Por lo visto, ni los resultados cada vez más ajustados en las encuestas ni

las llamadas de inquietud de mi equipo y de Harry habían sacado a Coakley

de su estupor. El día anterior, cuando un periodista le preguntó por su

relajado calendario de campaña, dijo, restándole importancia: «¿En lugar de

plantarme en Fenway Park con este frío para saludar a la gente?». Era una

referencia sarcástica al acto de campaña de Scott Brown el día de Año

Nuevo en el campo de béisbol de Boston, donde el equipo de hockey de la

ciudad, los Boston Bruins, iba a disputar el Clásico de Invierno anual de la

Liga Nacional de Hockey contra los Philadelphia Flyers. En una ciudad que

adoraba a sus equipos deportivos, era difícil pronunciar una frase con más

posibilidades de generar rechazo en grandes sectores del electorado.

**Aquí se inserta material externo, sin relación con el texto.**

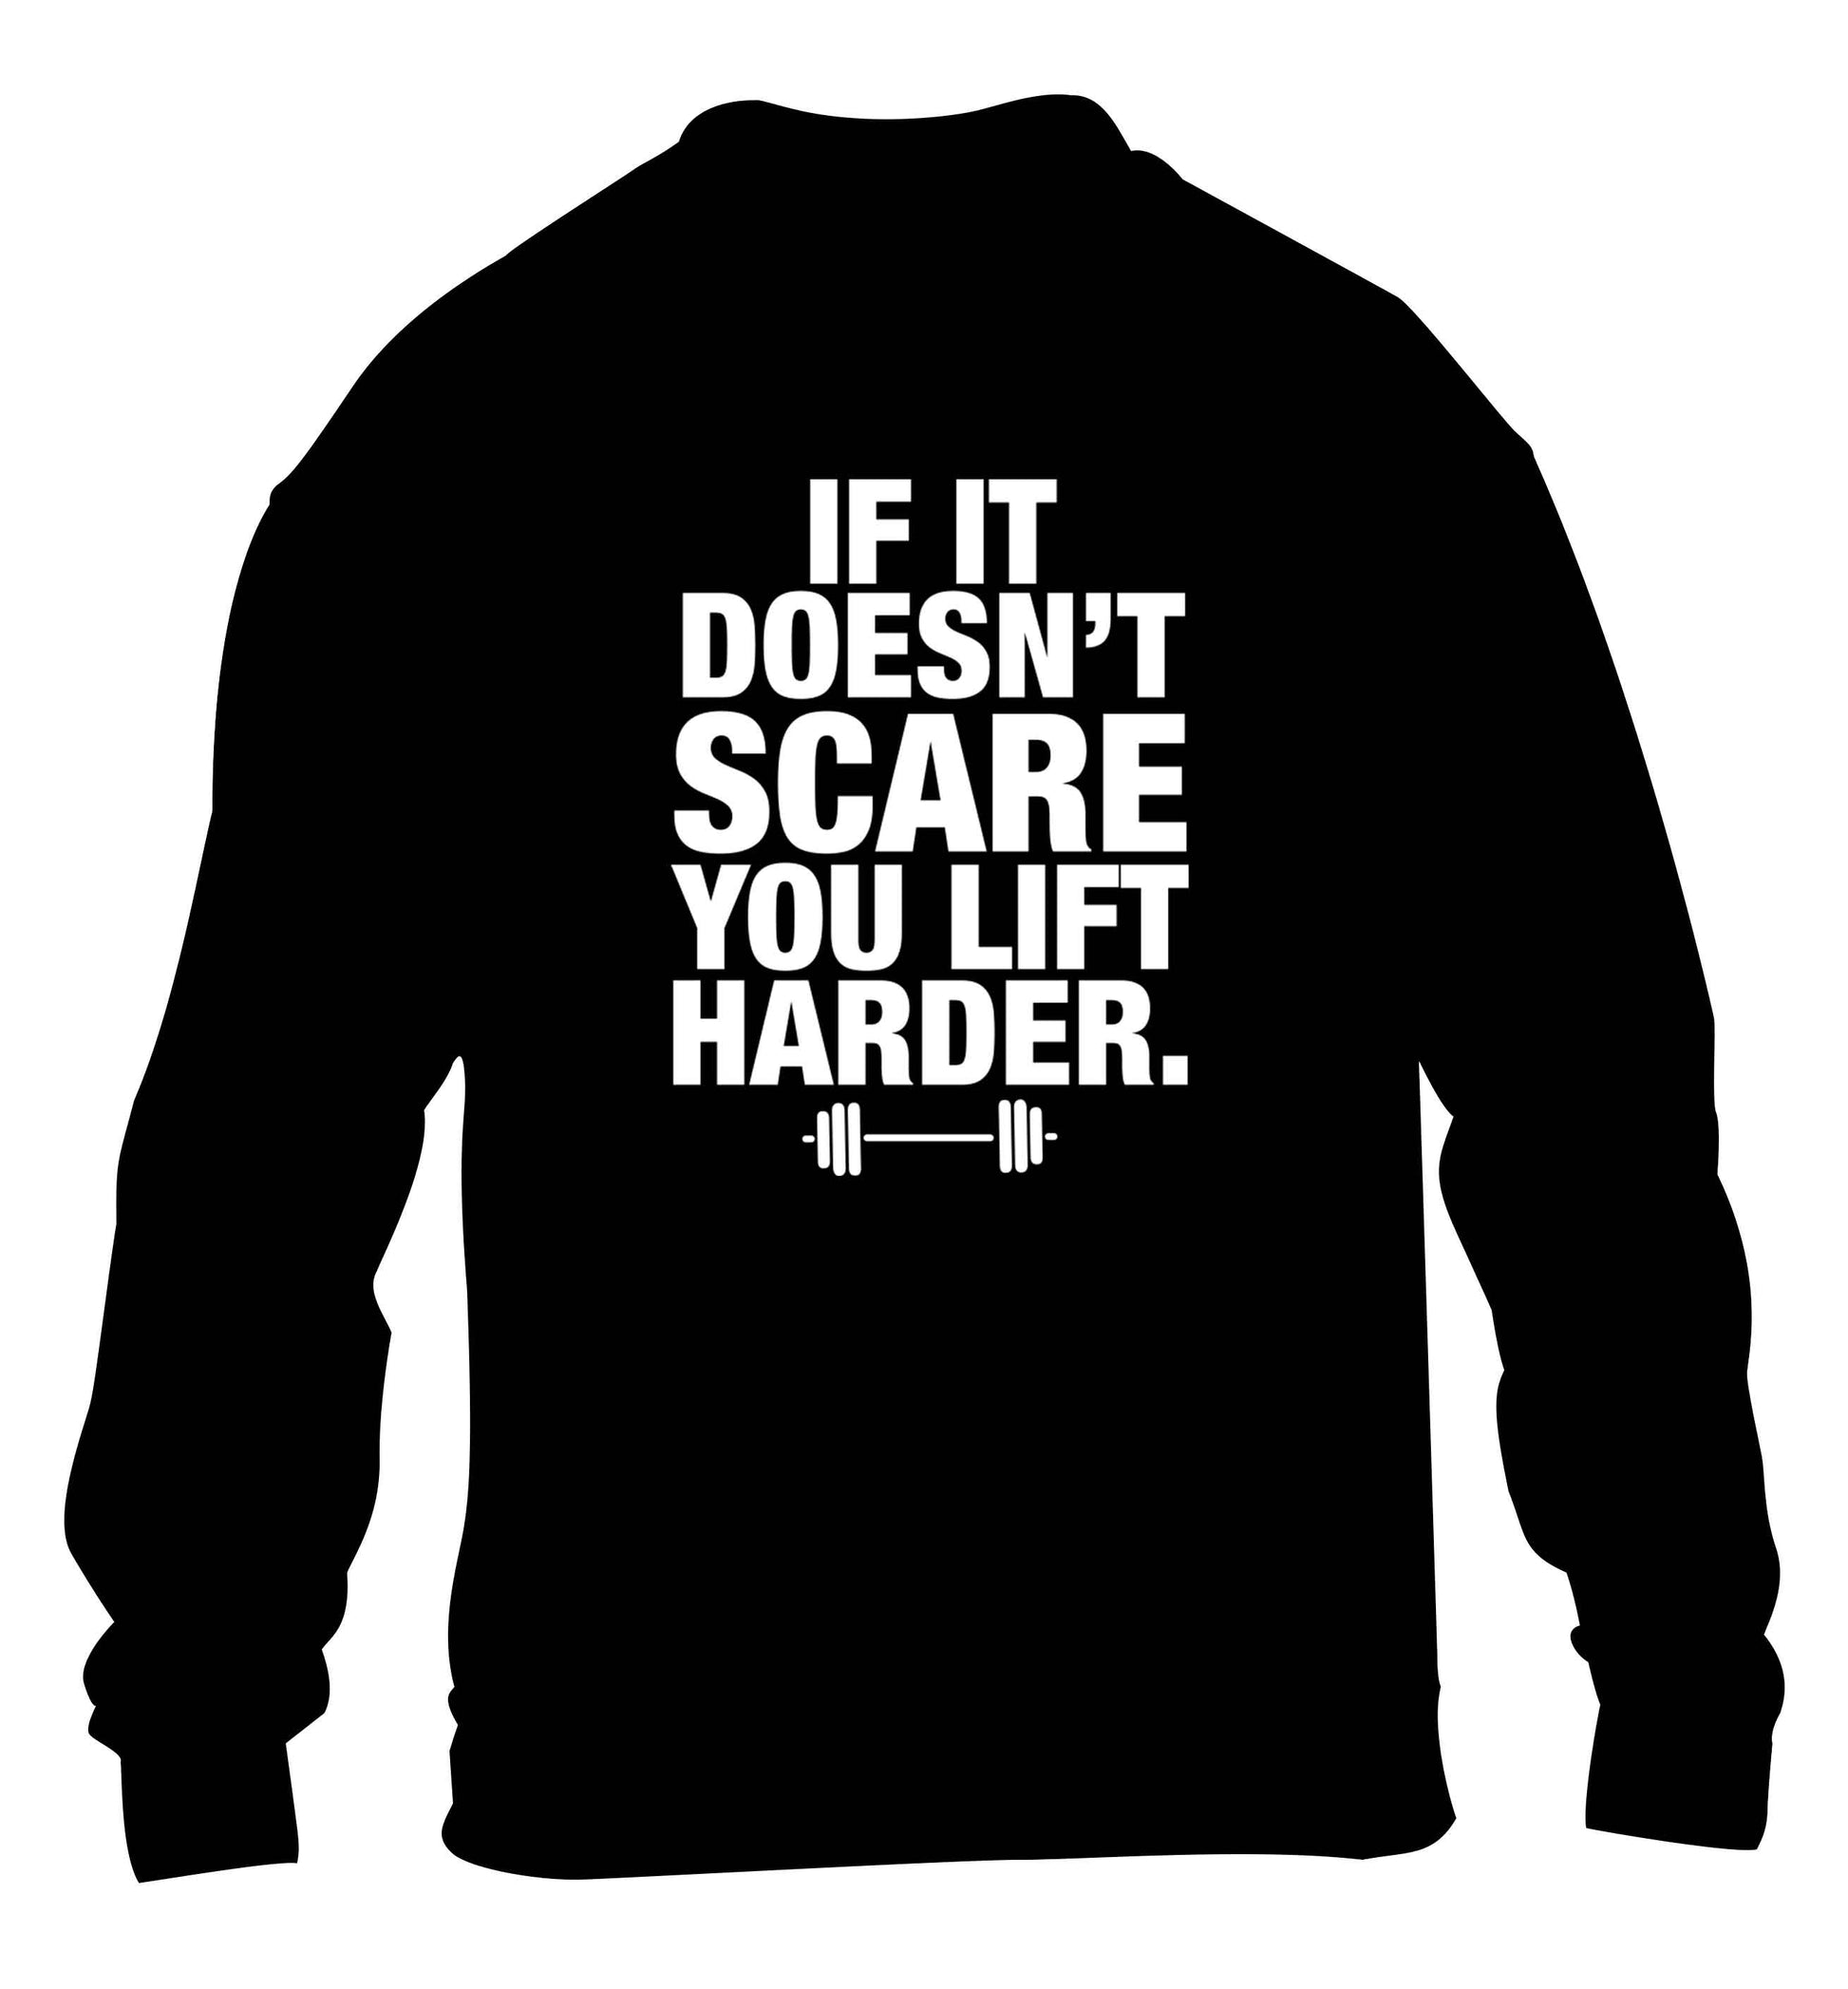 If it doesnt' scare you lift harder children's black sweater 12-13 Years

—No ha dicho eso —respondí perplejo.

Messina señaló el ordenador con la cabeza.

—Está ahí, en la página del Globe .

—¡Nooo! —exclamé, agarrando a Axe de las solapas y sacudiéndolo con

teatralidad. Luego di varios pisotones, como un niño en plena pataleta—.

¡No, no, no! —Hundí los hombros al pensar en las consecuencias—.

Perderá, ¿verdad? —dije finalmente.

No hizo falta que Axe y Messina contestaran. El fin de semana antes de

las elecciones, intenté salvar la situación viajando a Boston para asistir a un

mitin con Coakley, pero era demasiado tarde. Brown ganó holgadamente.